The GAM Procedure

Smoothers

You can specify three types of smoothers in the MODEL statement:

  • SPLINE(x) specifies a cubic smoothing spline term for variable x

  • LOESS(x) specifies a loess term for variable x

  • SPLINE2(x1, x2) specifies a thin-plate smoothing spline term for variables x1 and x2

A smoother is a tool for summarizing the trend of a response measurement Y as a function of one or more predictor measurements $X_1, \cdots , X_ p$. It produces an estimate of the trend that is less variable than Y itself. An important property of a smoother is its nonparametric nature.

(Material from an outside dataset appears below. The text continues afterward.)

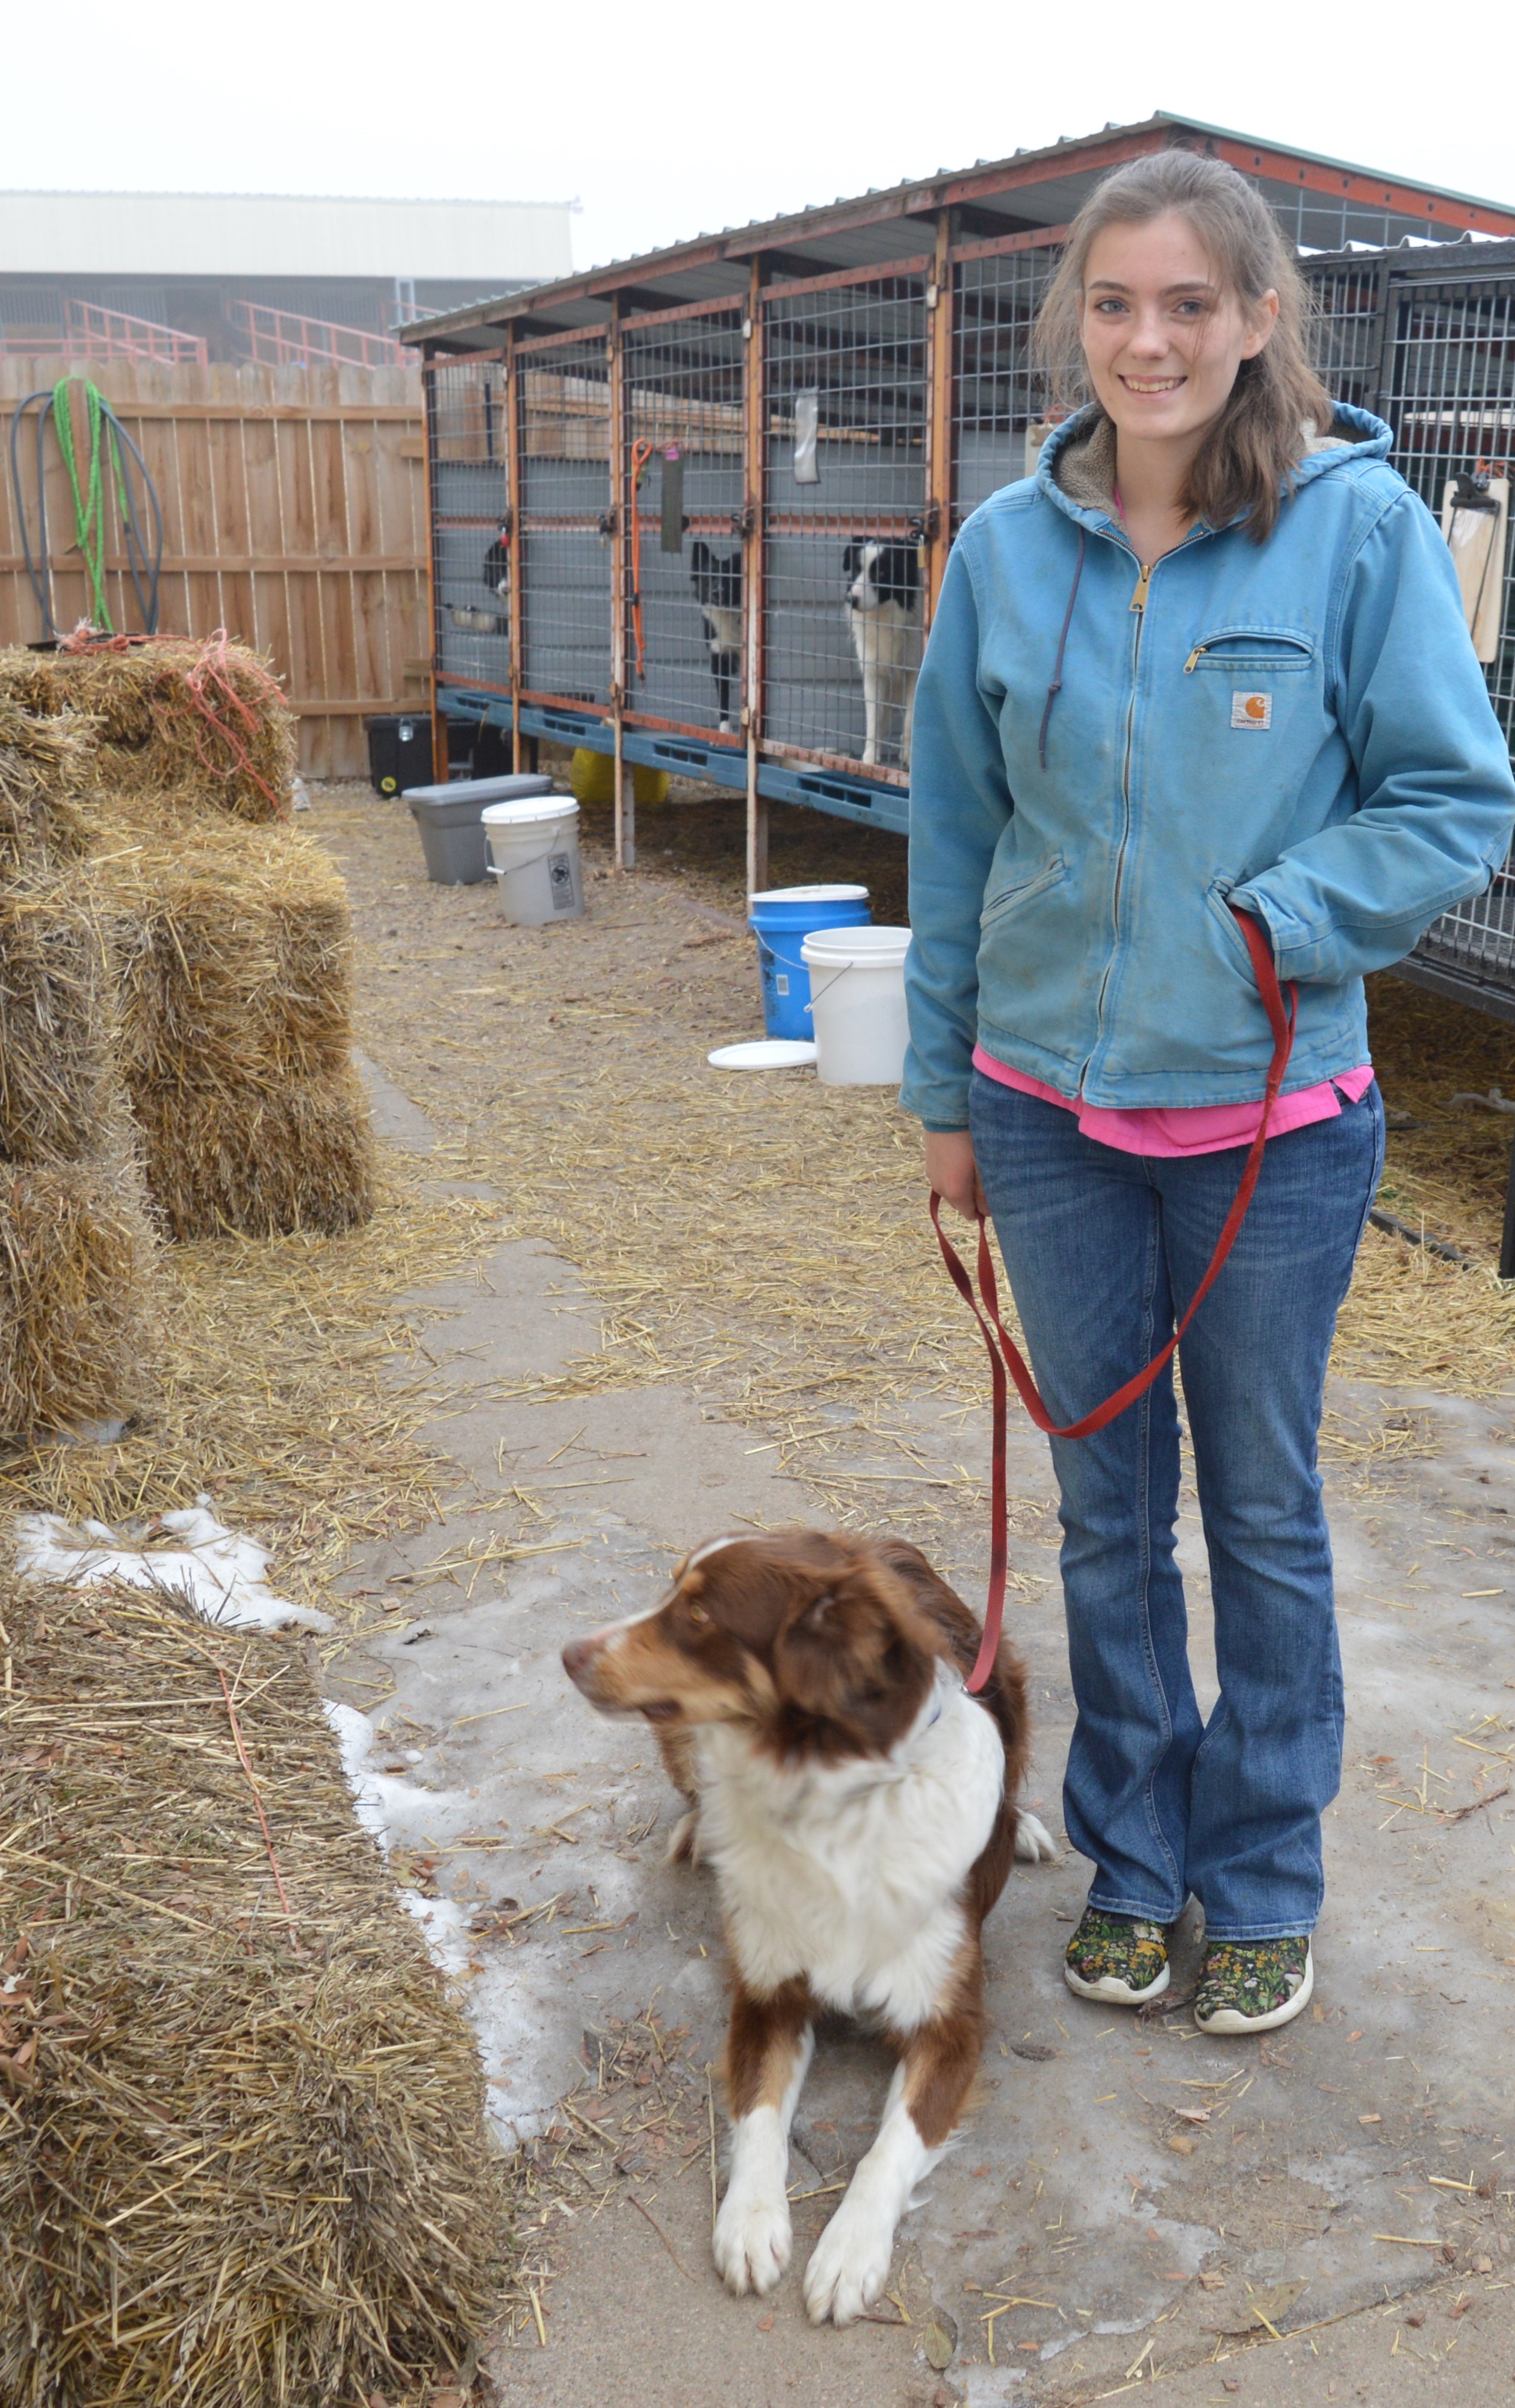 Emily Hubbell of Lexington is a member of the NCTA Stock Dog Club and boards Kota at the campus dog kennel. (Angela Crouse photo for NCTA News)

It does not assume a rigid form for the dependence of Y on $X_1, \cdots , X_ p$. This section gives a brief overview of the smoothers that can be used with the GAM procedure.

Cubic Smoothing Spline

A smoothing spline is the solution to the following optimization problem: among all functions $\eta (x)$ with two continuous derivatives, find one that minimizes the penalized least square

\[  \sum _{i=1}^ n\left(y_ i - \eta (x_ i)\right)^2 + \lambda \int ^ b_ a \left(\eta ^{}(t)\right)^2 \mr {d}t  \]

where $\lambda $ is a fixed constant and $a \le x_1 \le \cdots \le x_ n \le b$. The first term measures closeness to the data while the second term penalizes curvature in the function. It can be shown that there exists an explicit, unique minimizer, and that minimizer is a natural cubic spline with knots at the unique values of $x_ i$.

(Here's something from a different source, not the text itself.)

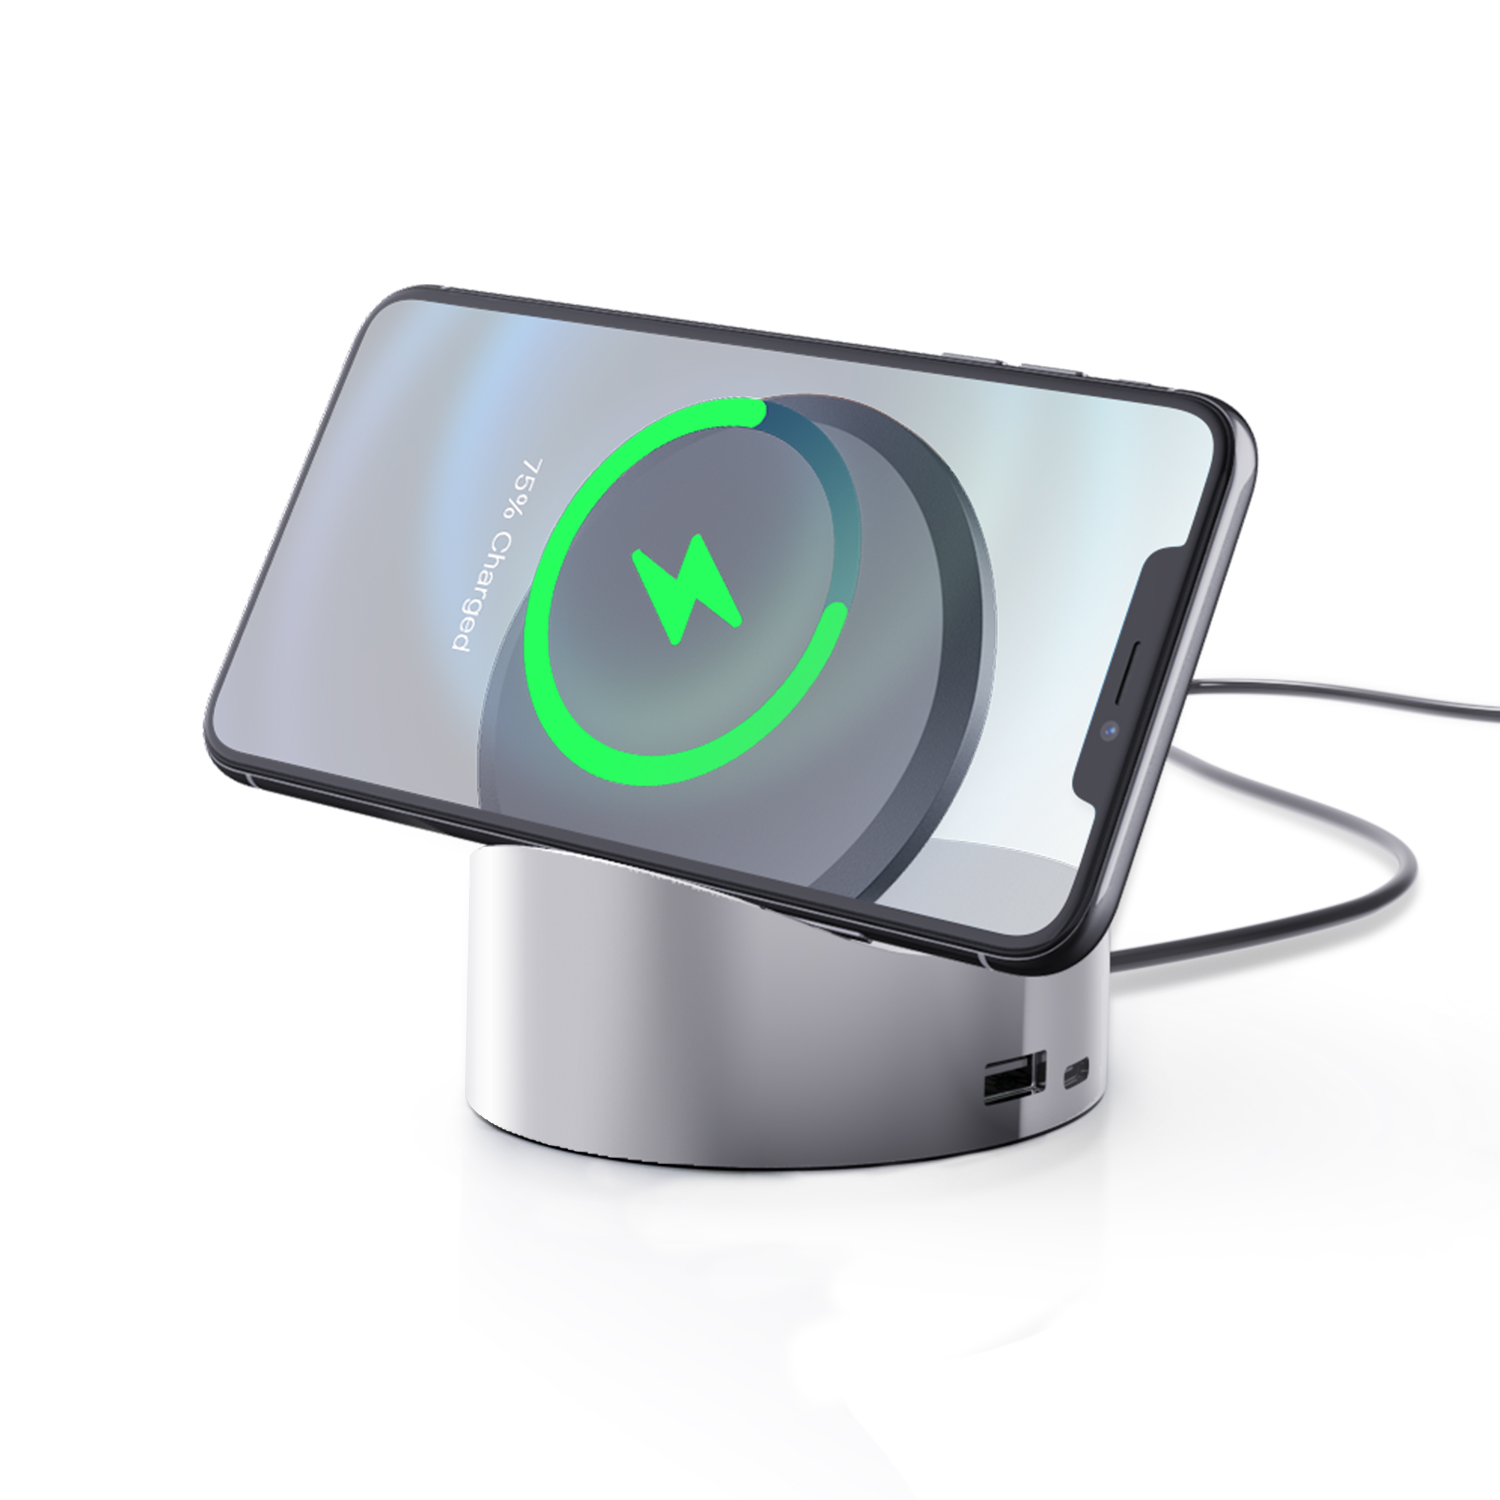 Desktop Type Wireless Charger AW01 Featured Image

The value $\lambda /(1+\lambda )$ is the smoothing parameter. When $\lambda $ is large, the smoothing parameter is close to 1, producing a smoother curve; small values of $\lambda $, corresponding to smoothing parameters near 0, are apt to produce rougher curves, more nearly interpolating the data.

Local Regression

Local regression was proposed by Cleveland, Devlin, and Grosse (1988). The idea of local regression is that at a predictor x, the regression function $\eta (x)$ can be locally approximated by the value of a function in some specified parametric class. Such a local approximation is obtained by fitting a regression surface to the data points within a chosen neighborhood of the point x. A weighted least squares algorithm is used to fit linear functions of the predictors at the centers of neighborhoods. The radius of each neighborhood is chosen so that the neighborhood contains a specified percentage of the data points. The smoothing parameter for the local regression procedure, which controls the smoothness of the estimated curve, is the fraction of the data in each local neighborhood. Data points in a given local neighborhood are weighted by a smooth decreasing function of their distance from the center of the neighborhood. See Chapter 53: The LOESS Procedure, for more details.

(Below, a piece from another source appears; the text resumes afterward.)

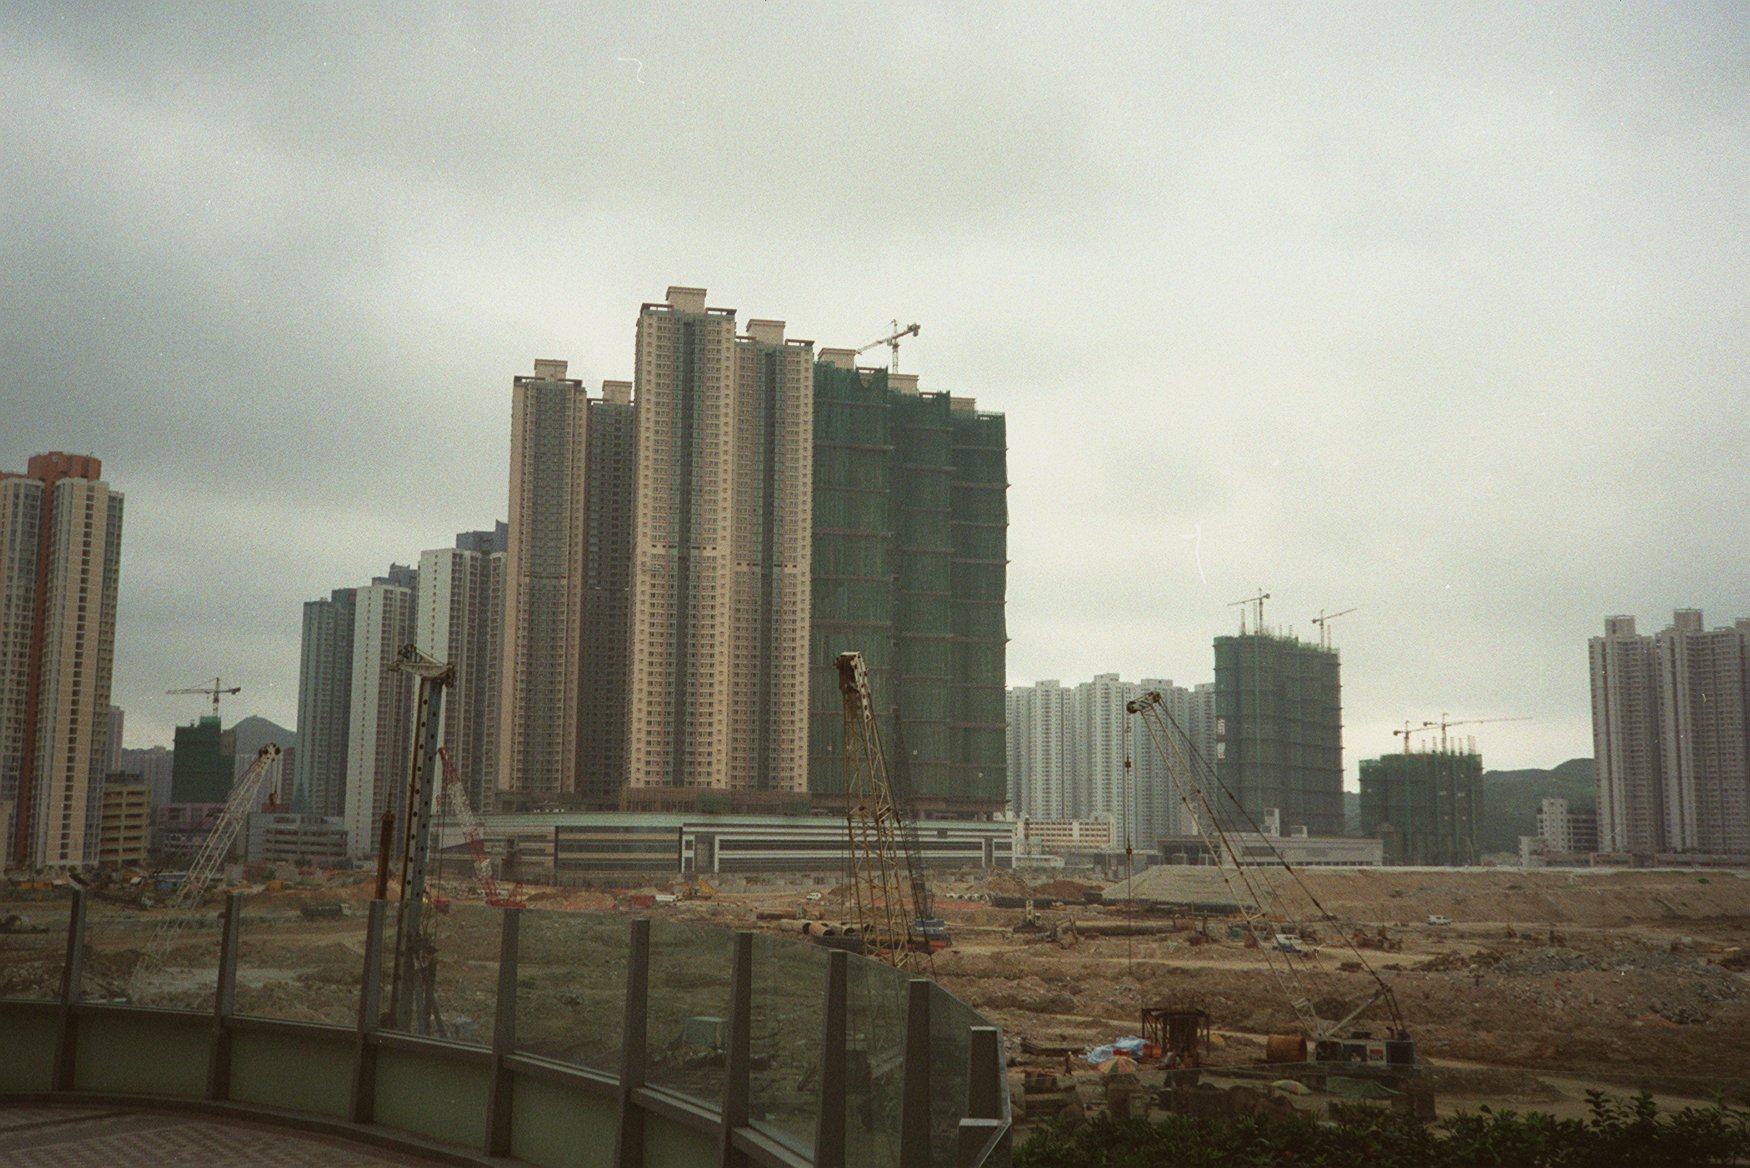 Construction work in 2002 in Tseung Kwan O, the year Li Suet-ping, 50, murdered her husband in the Hong Kong residential district by stabbing him multiple times and pouring boiling oil over him. Photo: Kenneth Ko

Thin-Plate Smoothing Spline

The thin-plate smoothing spline is a multivariate version of the cubic smoothing spline. The theoretical foundations for the thin-plate smoothing spline are described in Duchon (1976, 1977); Meinguet (1979). The smoothing parameter for the thin-plate smoothing spline smoother is the parameter that controls the smoothness penalty. When the smoothing parameter is close to 0, the fit is close to an interpolation. When the smoothing parameter is very large, the fit is a smooth surface. Further results and applications are given in Wahba and Wendelberger (1980). See Chapter 96: The TPSPLINE Procedure, for more details.